In Greek mythology, Polymestor or Polymnestor (Πολυμ(ν)ήστωρ) was a king of the Bistonians in Thrace. Polymestor appears in Euripides' play Hecuba and in the Ovidian myth "Hecuba, Polyxena and Polydorus". Polymestor was also the name of a Greek king of Arcadia.

== Family ==
Polymestor was the husband of Ilione, the eldest daughter of King Priam and Queen Hecuba of Troy. The couple had only one son, Deipylus.

== Mythology ==
During the Trojan War, King Priam was frightened for his youngest son Polydorus's safety since Polydorus could not fight for himself.

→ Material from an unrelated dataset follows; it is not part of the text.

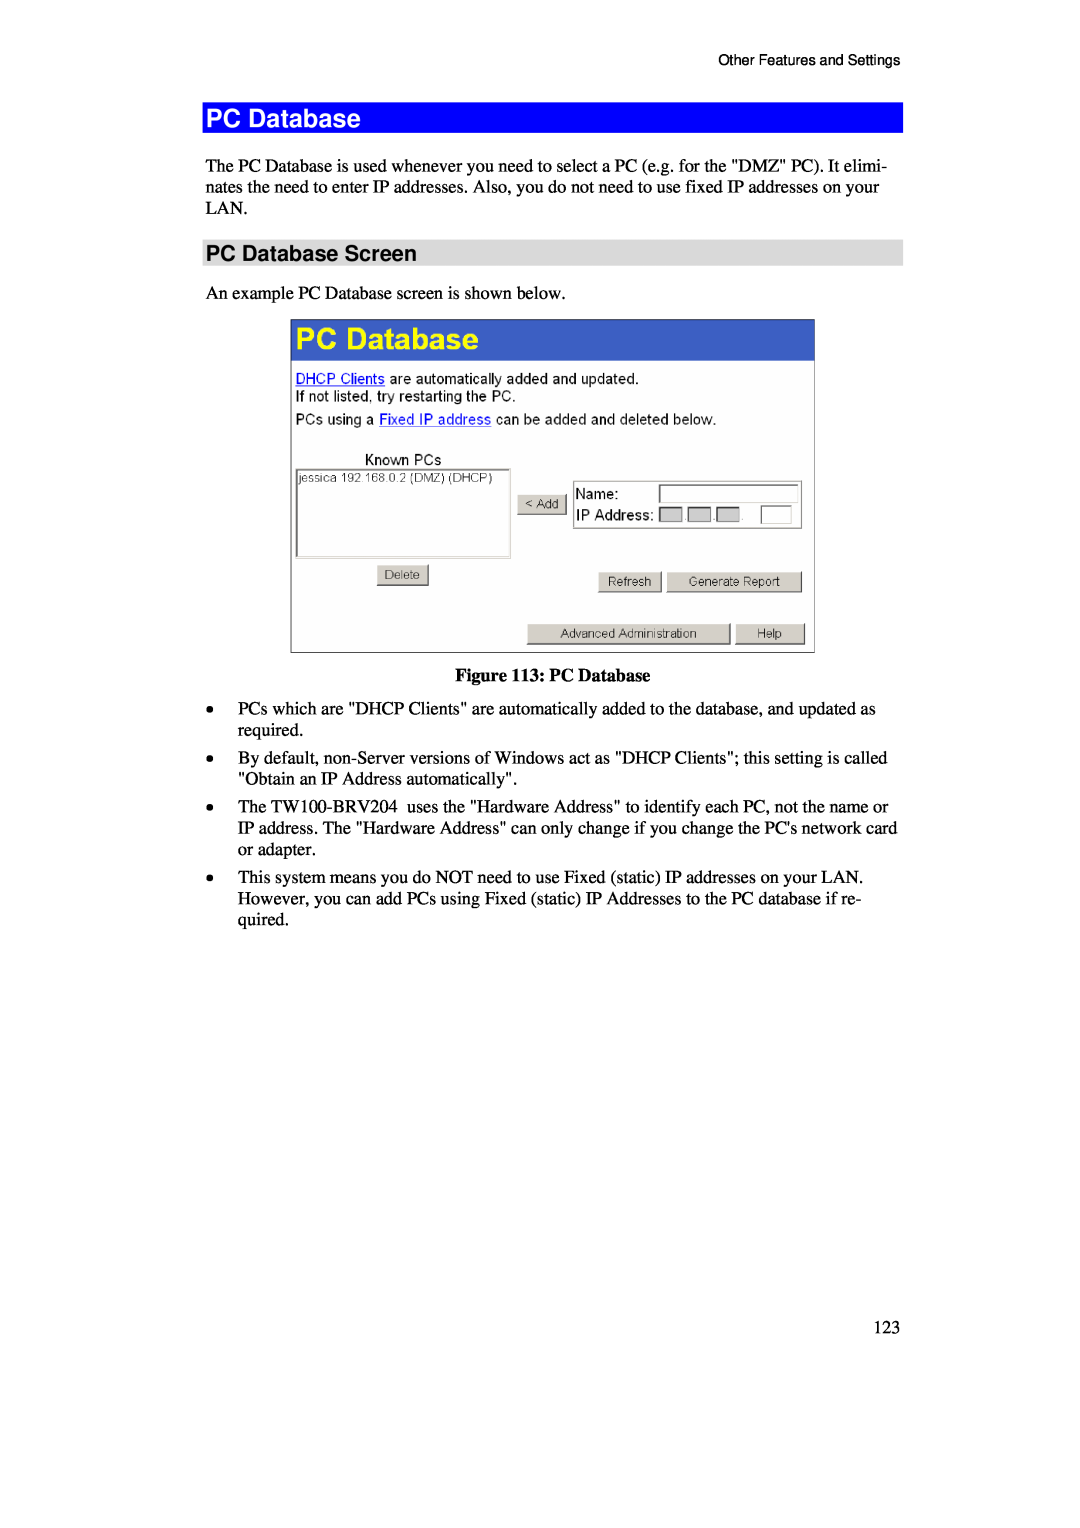 TRENDnet BRV204 manual PC Database Screen

Priam sent the child, along with gifts of jewelry and gold, to the court of King Polymestor to keep him away from the fighting. After Troy fell, Polymestor betrayed Priam and threw Polydorus into the ocean in order to keep the treasures for himself.

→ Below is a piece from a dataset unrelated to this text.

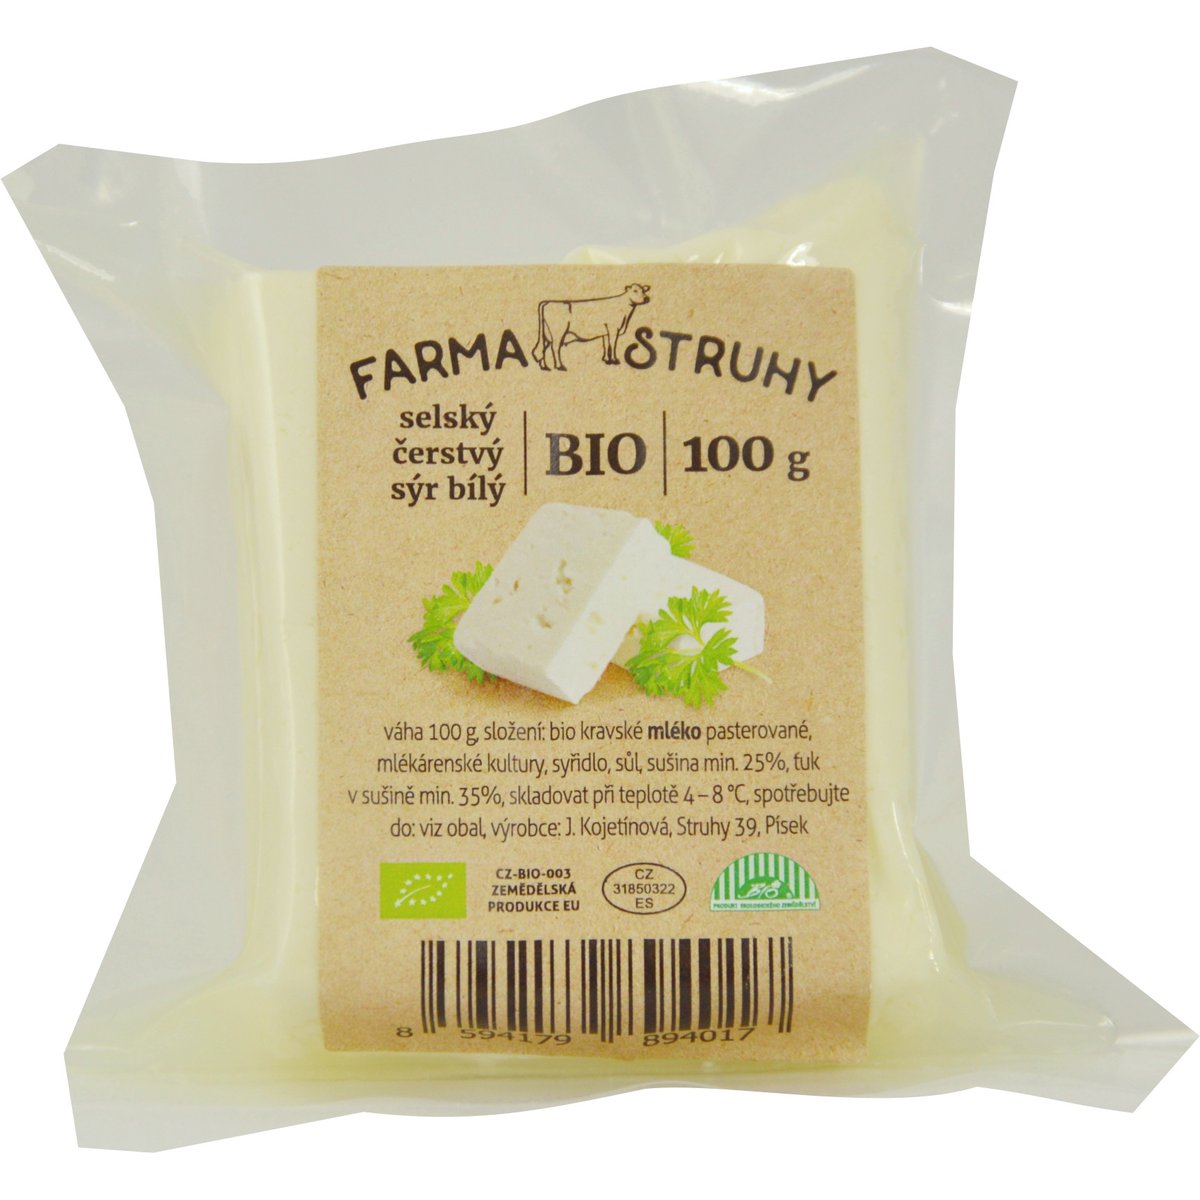 Farma Struhy BIO Selský čerstvý sýr bílý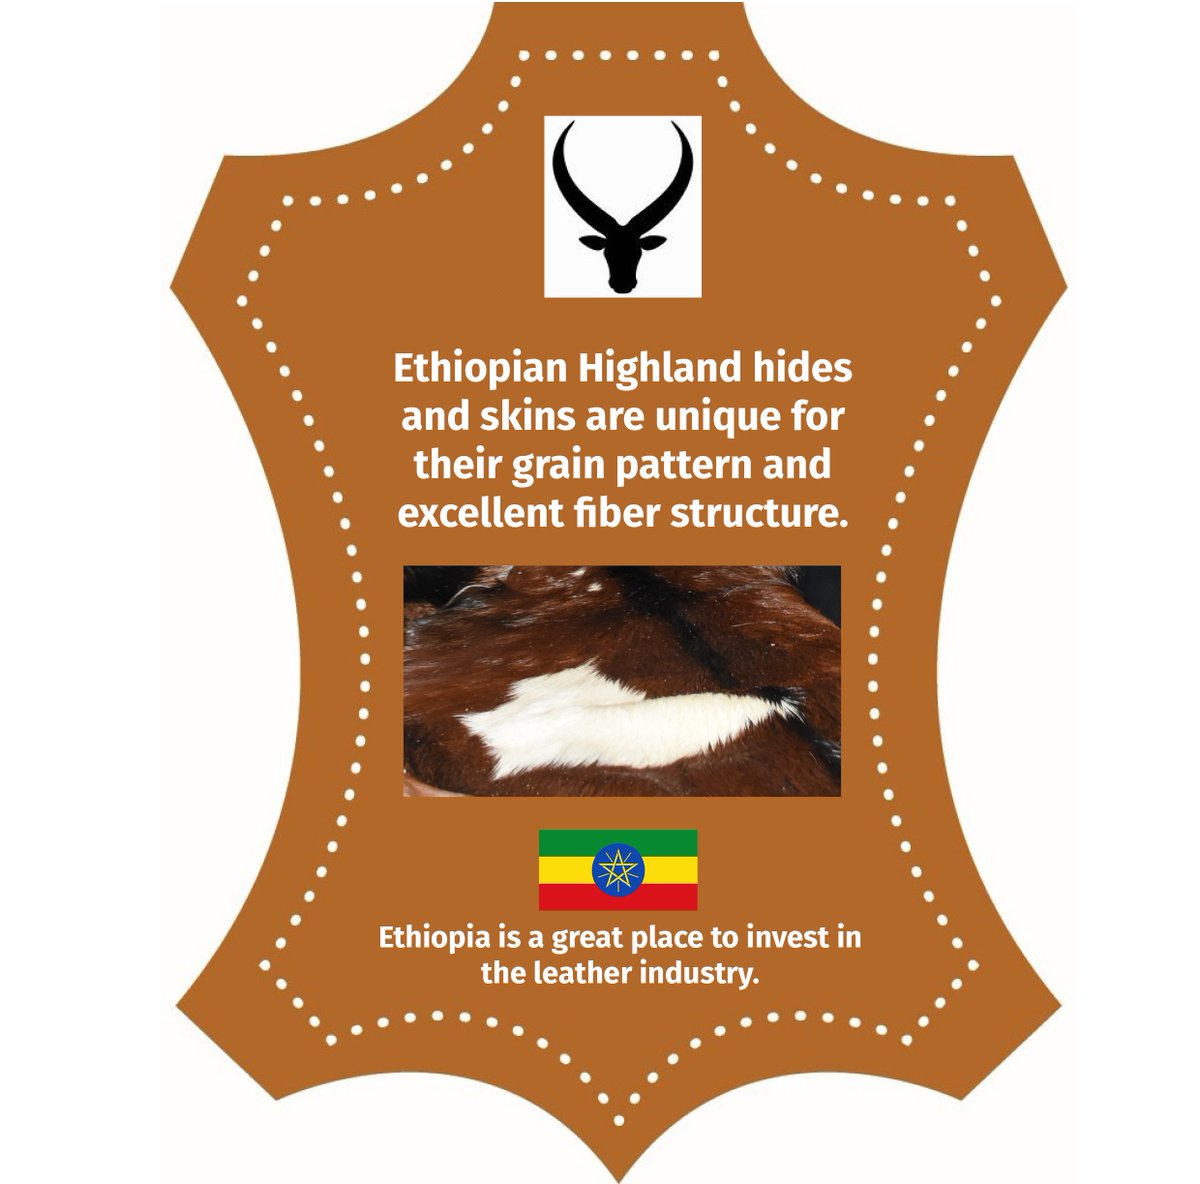 #leathervaluechain #leathers #leathergoods 
@EthioInvestment @LeatherLidi @LeatherEthiopia 
@Yassin_Awale

Hecuba, Polydorus' mother, found the body and discovered the treachery. She asked Agamemnon to bring Polymestor to her. Agamemnon complied, motivated by his love of Cassandra, another of Hecuba's children. Hecuba baits Polymestor by drawing him in with treasure. Hecuba has the other Trojan women kill Polymestor's sons, and blinds Polymestor by scratching his eyes out. Polymestor is humiliated at having been blinded and made childless at the hands of slave women. Polymestor is given a trial against Hecuba by Agamemnon. Polymestor claims to have been working in the Greeks' interest by killing Polydorus before he could avenge his brothers and father. Hecuba refutes this claim by stating that the Greeks have no interest in allying with barbarians. Agamemnon sides with Hecuba and declares Polymestor's actions to be murder. Agamemnon has his soldiers seize Polymestor. As he is being taken away, Polymestor prophesies the deaths of Cassandra, the daughter of Hecuba, and Agamemnon.